재입사자 연말정산이라는 검색 키워드를 tokenizing한 결과 아래와 같이 재입사자, 연말정산이라고 분류해냈다. 허나, 위에서와 같이

1	['재입사자', '연말정산']

sorted_list에 포함된 질문들을 보면 대부분 연말정산이 들어가있는 질문들이 유사도가 높다는 것을 확인할 수 있었다. 이런 문제점은 필자의 개인적인 생각으로 input matrix로 TF-IDF matrix를 사용했기 때문에 전체 질문 건수에서 연말정산이 차지하는 비율이 높다보니 나타나는 현상이라고 생각했다. 이를 해결하기 위해 먼저 필자는 각 분야의 질문의 수를 맞추거나 다른 방법의 input matrix를 사용해서 문제를 해결해야 할 것이라고 생각했다.

criterion_sentence_by_token = [" ".join(criterion_tokens)]
criterion_vec = vectorizer.transform(criterion_sentence_by_token)

criterion_vec=svd.transform(criterion_vec)

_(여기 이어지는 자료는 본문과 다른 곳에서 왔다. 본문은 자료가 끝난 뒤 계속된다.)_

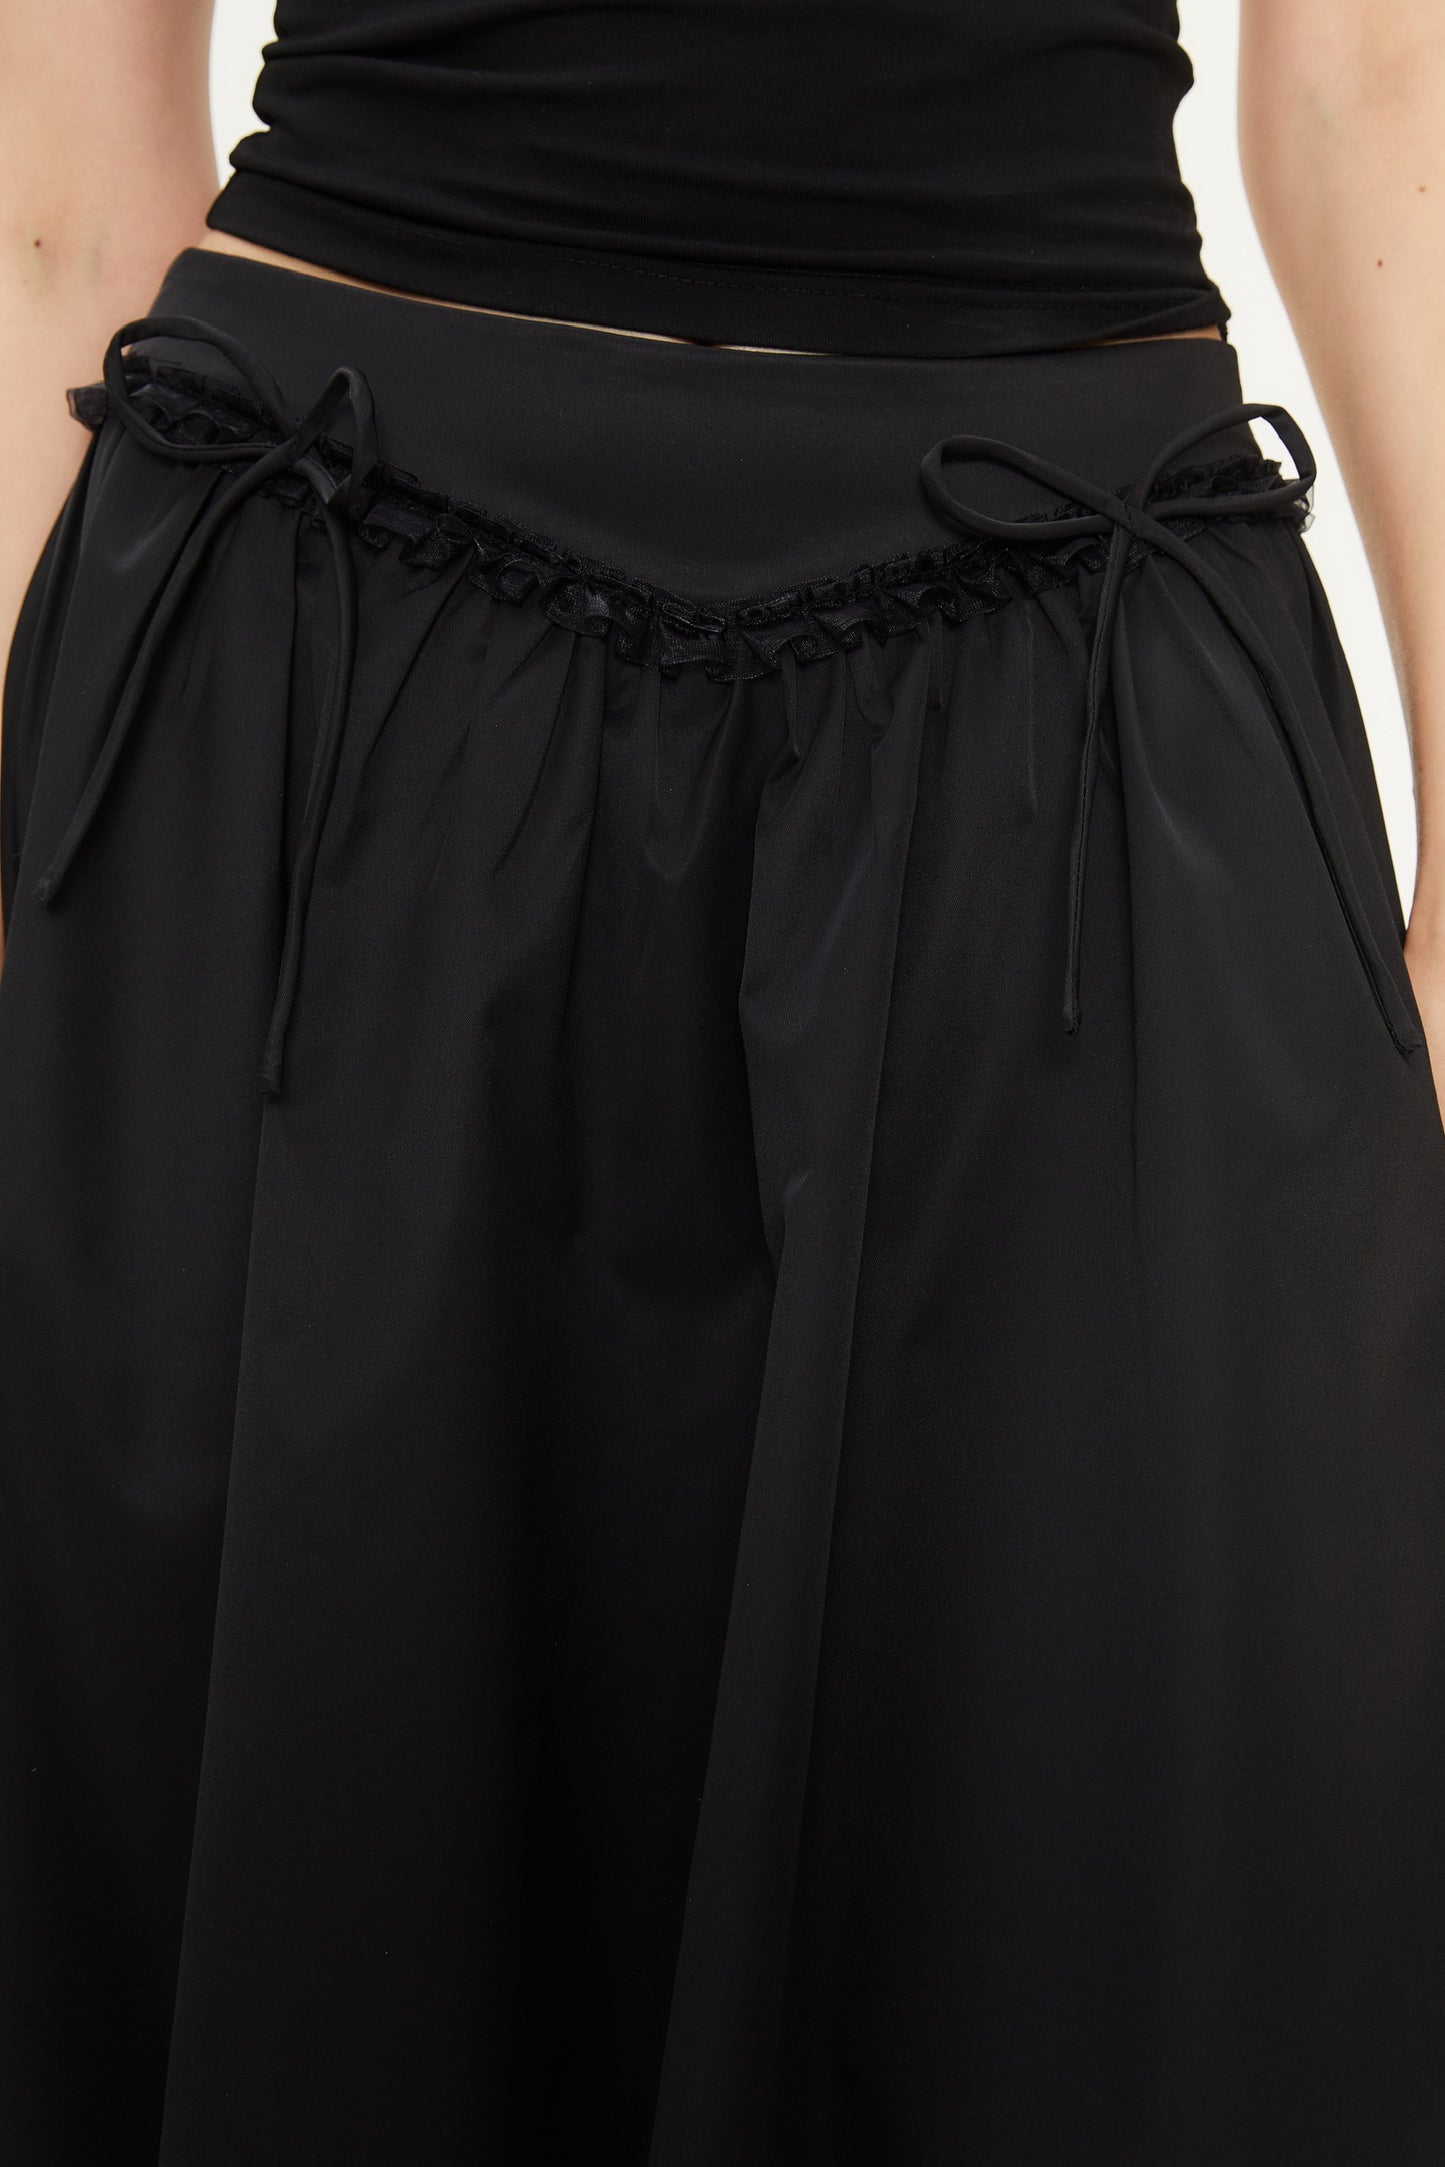 Alva Bow Puffy Skirt in Black

svd_l2norm_vectors = normalize(vecs, axis=1, norm='l2')
svd_l2norm_criterion_vectors = normalize(criterion_vec, axis=1, norm='l2').reshape(100,1)
cosine_similarity = np.dot(svd_l2norm_vectors, svd_l2norm_criterion_vectors)

ls=[]
for idx, cosine_similarity in enumerate(cosine_similarity.tolist()):
    ls.append((idx, cosine_similarity))
sorted_list = sorted(ls, key= lambda x: x[1], reverse=True)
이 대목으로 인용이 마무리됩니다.